This also has an impact on the integration story. If your immigration going forward is overwhelmingly skilled workers and students—there will still be areas like asylum where this does not count—you are talking about mainly highly skilled people who will, at the very least, speak English well, which is a pretty important thing when it comes to integration.
Q
Jill Rutter: This is very much a skeleton Bill, and most immigration policy is determined in immigration rules. It is an issue in itself in that there have been thousands and thousands of immigration rule changes since 2010. The rules are presented to Parliament, which can only accept or reject them. No MP—even those well versed in immigration policy—can keep up with all the changes in the rules. We need to think about root-and branch-immigration reform. I do not think the current commission on simplifying the immigration rules will come up with the answer.
Perhaps we should look at what social security does. Social security is another complex area where most policy is determined in secondary legislation. There is the Social Security Advisory Committee—independent experts who scrutinise the law and make recommendations in plain English to Parliament—but we need a proper system of scrutiny. I cannot really answer your question about the Bill itself, because most of what will happen will be determined in either the rules or the operation of immigration law in the Home Office.

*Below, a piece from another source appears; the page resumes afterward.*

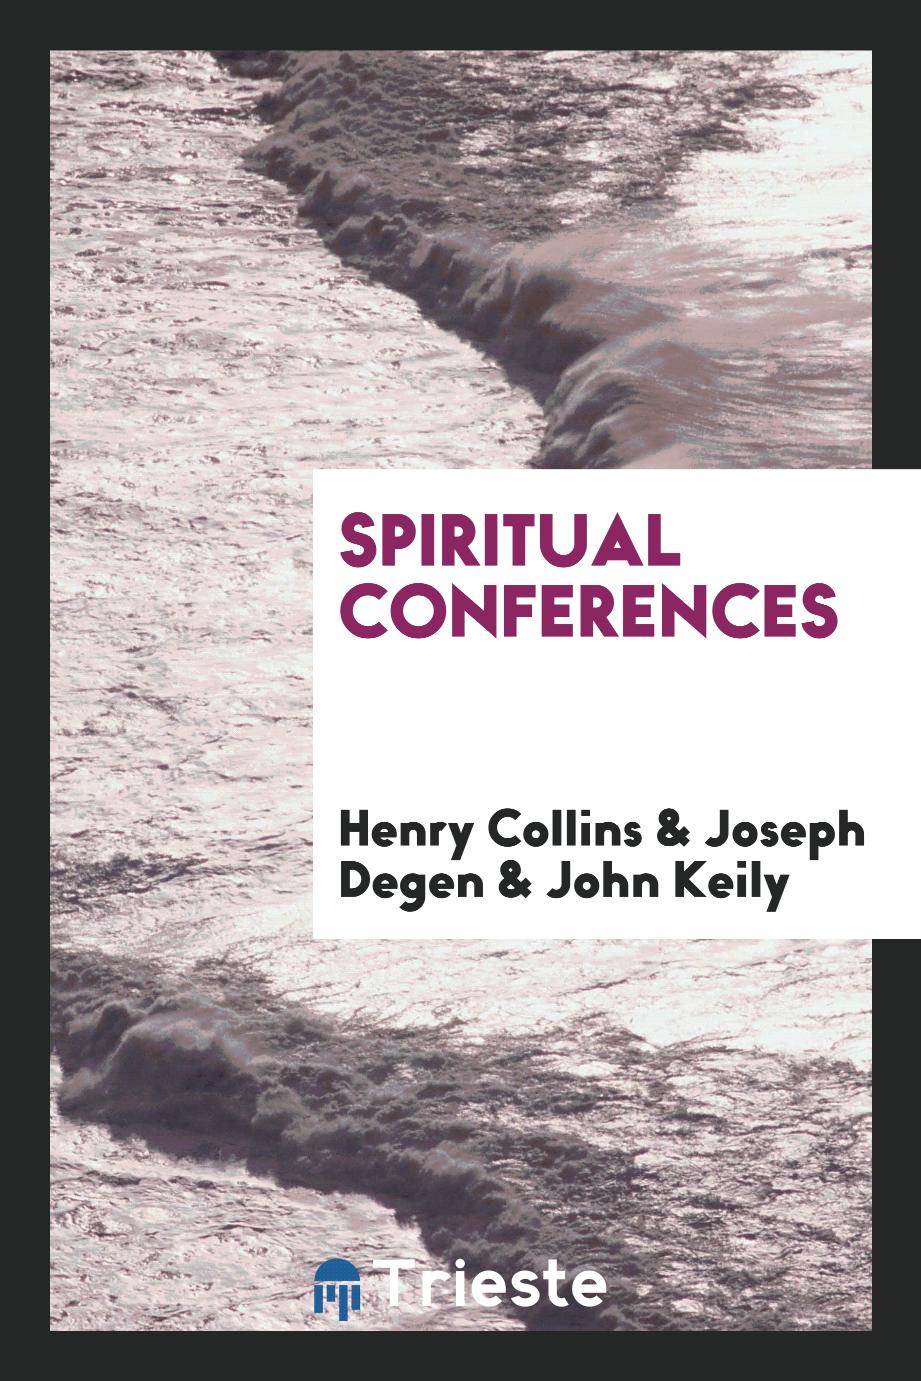 Spiritual conferences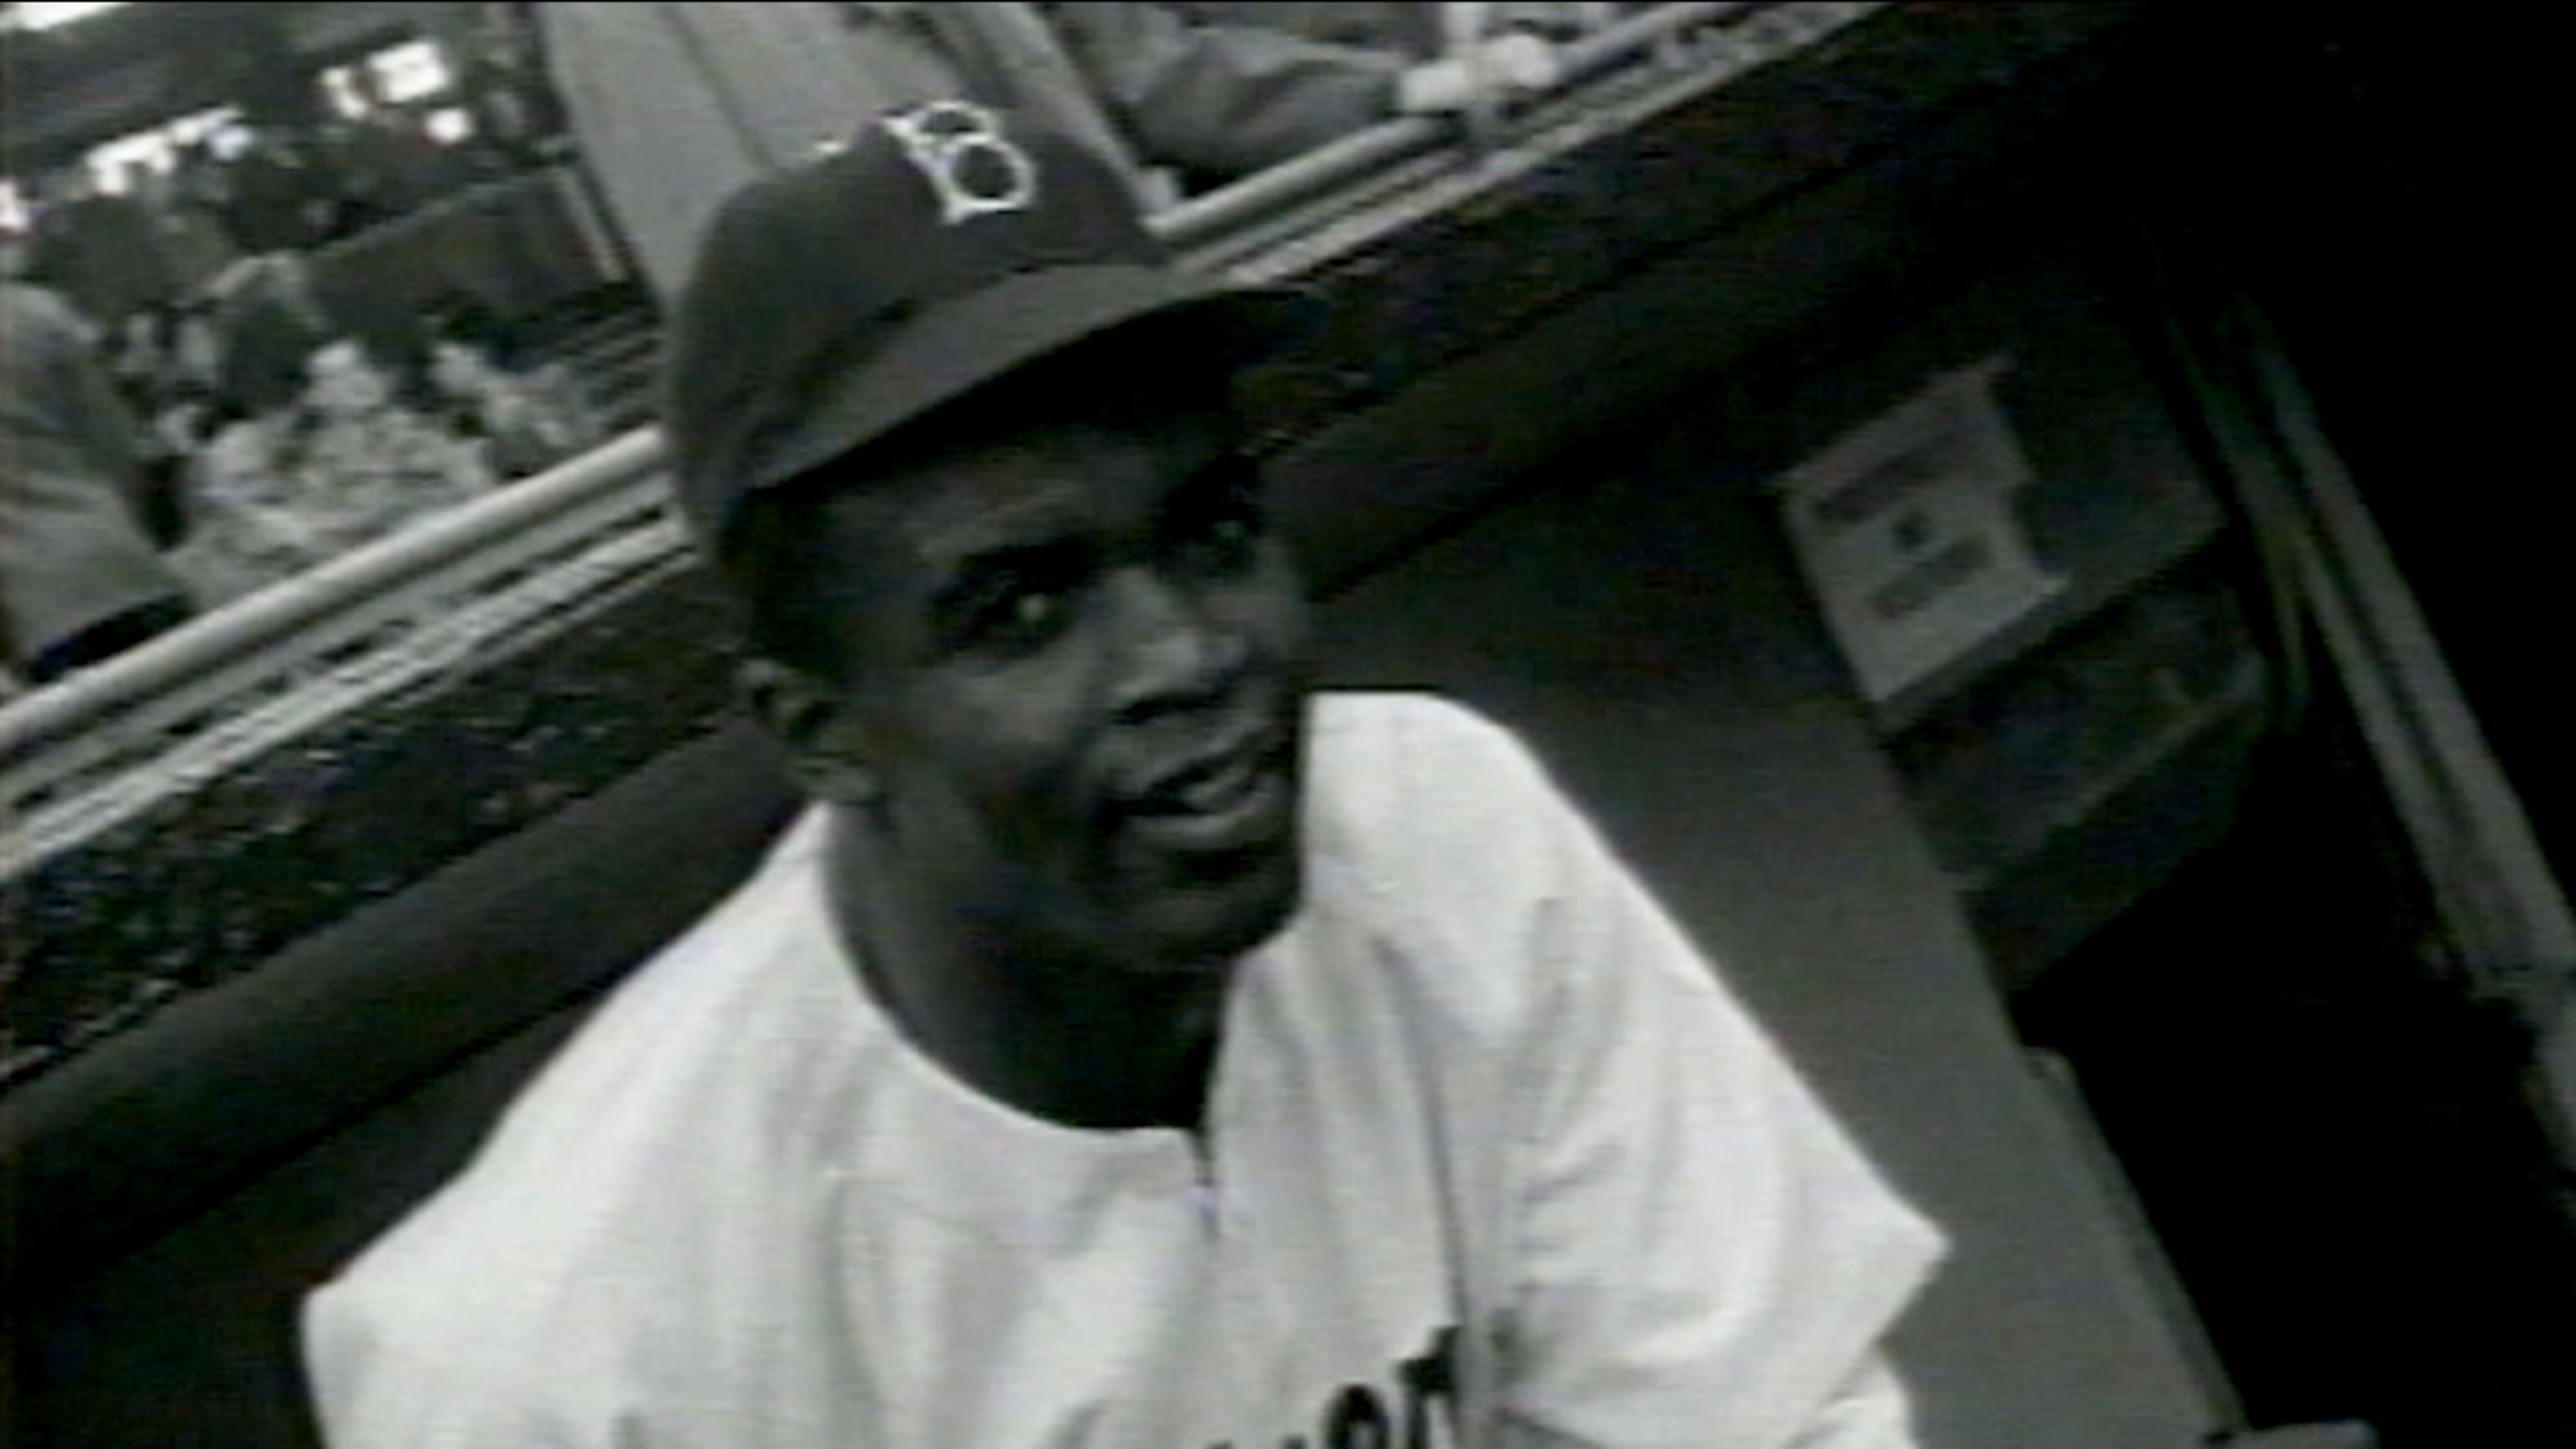 MLB celebrates timely Jackie Robinson Day

The last thing to say is that you cannot have an efficient immigration system on the cheap. Britain does very well in the speed at which it processes visas and citizenship cases compared with many other countries, but it performs badly when it comes to asylum cases. We need a properly resourced Home Office and for staff to be trained and supported, too.
No.
Bella Sankey: But it is all there on the public record. As I say, the law as it stands has applied in a blunt and discriminatory way against the black community, and this Bill now proposes to extend those harsh provisions to all EU citizens.
I spoke only recently to a woman who was actually removed to Poland on 30 April, leaving behind an 11-year-old child here. She felt that the system had already become unbearable. She was taken into detention following a conviction for theft, and when she was in Yarl’s Wood, without legal aid and without help and assistance, she decided that it would be easier for her and less traumatic for her 11-year-old son if she just went back to Poland. This Bill is going to bring about thousands more Sandras, thousands more family separations, in completely unjust circumstances.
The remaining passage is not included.